EXOSOME BIOGENESIS AND FUNCTION
We want to understand how cells make exosomes, how they are trafficked through the body, and how they are taken up by neighboring and distant cells and organ systems.
Our Working Hypothesis
Our team discovered that exosome biogenesis (i) occurs primarily at the plasma membrane, that (ii) endocytosis greatly inhibits the exosomal secretion of proteins, and (iii) blocking endocytosis greatly increases the exosomal secretion of endocytosis signal-containing exosome cargo proteins. As for the fate of endocytosed cargo proteins, they appear to be (iv) delivered to the endosome membrane, (v) loaded into intraluminal vesicles (ILVs), and (vi) delivered to lysosomes and destroyed. However, ILVs can also be (vii) released as exosomes, a process that depends on endolysosomal exocytosis.

Major Ongoing Projects
1. What are the cis-acting signals and trans-acting factors that mediate the plasma membrane delivery and exosomal secretion of CD81, CD9, CD63, and other highly enriched exosome cargo proteins?

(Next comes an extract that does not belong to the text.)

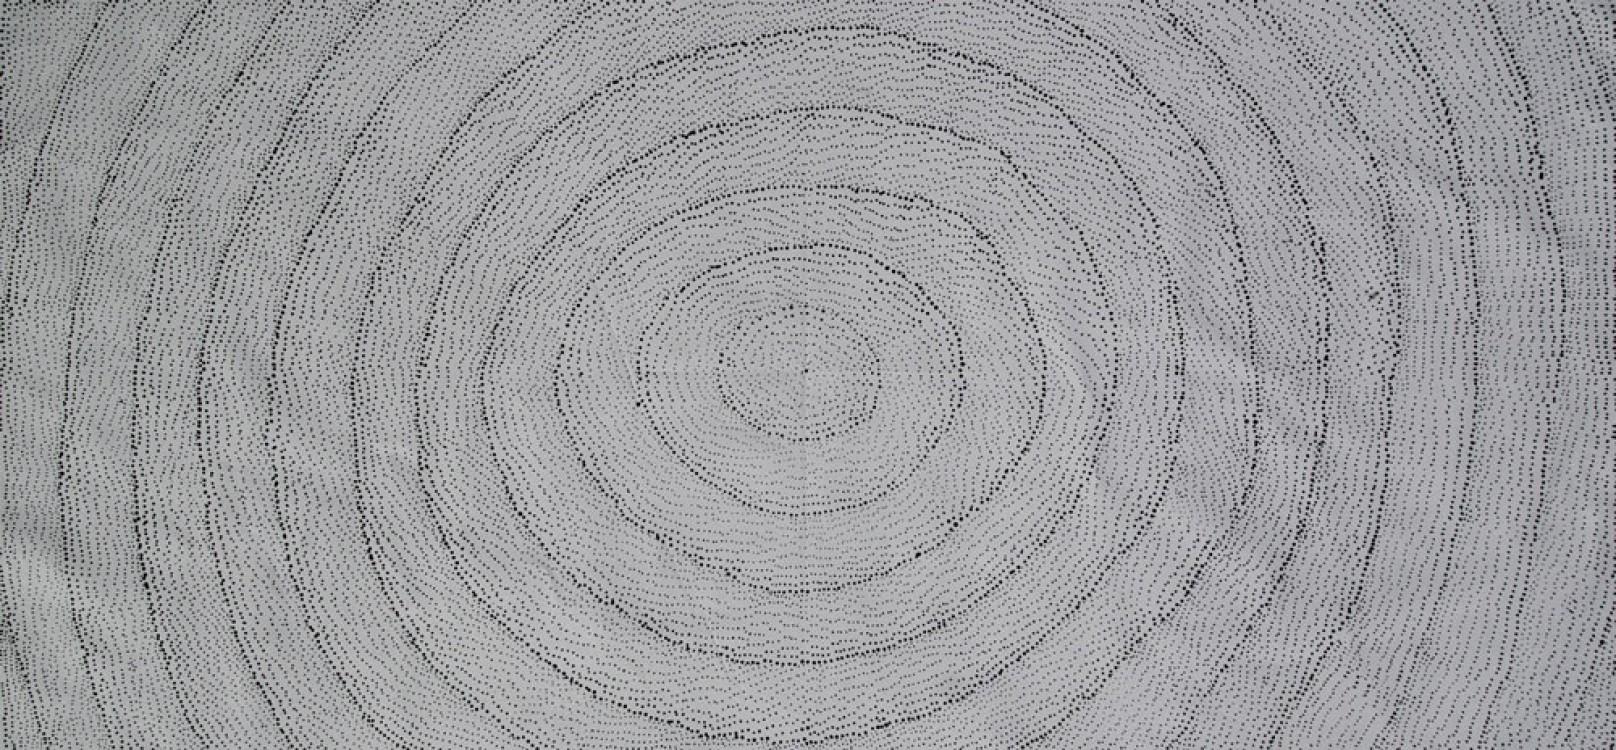 Lily Kelly Napangardi Rock Holes Australian Aboriginal Art Painting on canvas LK1900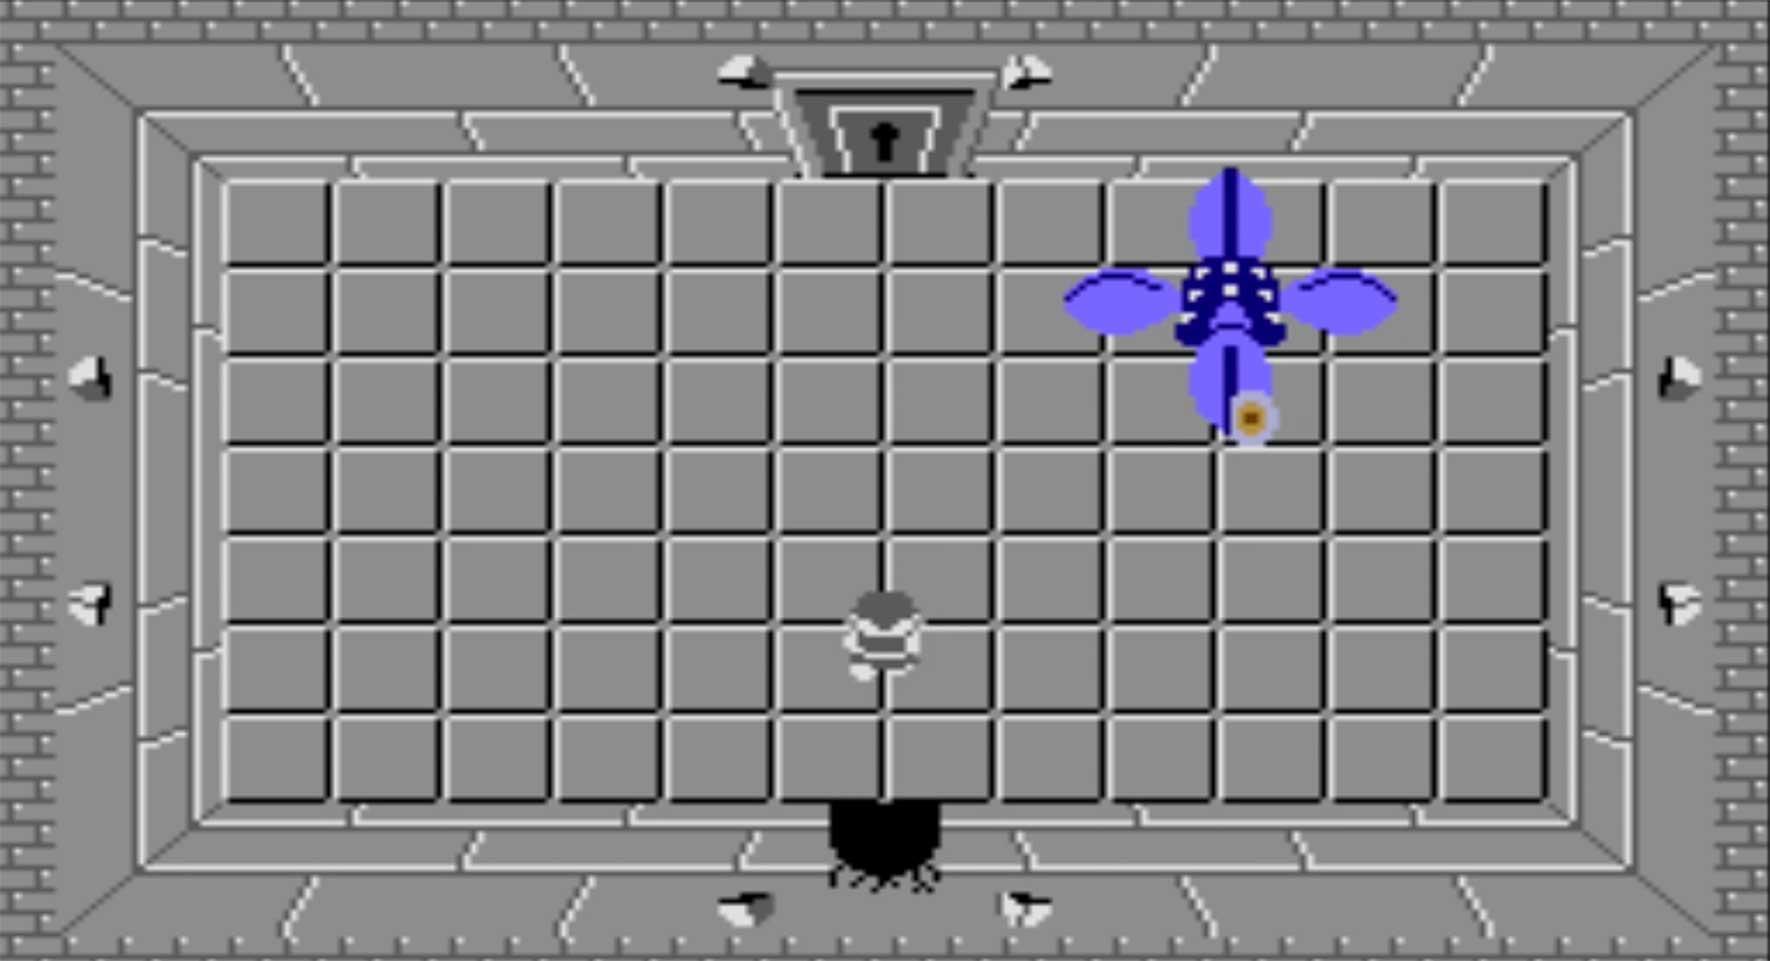 Legend Of Zelda Level 6 Dungeon Map | Wiring Diagram Database

2. What happens to exosome cargo proteins after they are endocytosed? Are they loaded into ILVs? Are the ILVs degraded in lysosomes? Are the ILVs secreted as exosomes? Are there cis-acting signals and trans-acting factors that target proteins into ILVs that are degraded vs ILVs that are secreted as exosomes?
3. Does the intracellular sorting and exosomal secretion of exosome cargo proteins vary between different cell types? Do they change in response to extracellular signals? in cancer? in response to viral infections? And which aspects of exosome biogenesis have been conserved over the course of evolution and which vary?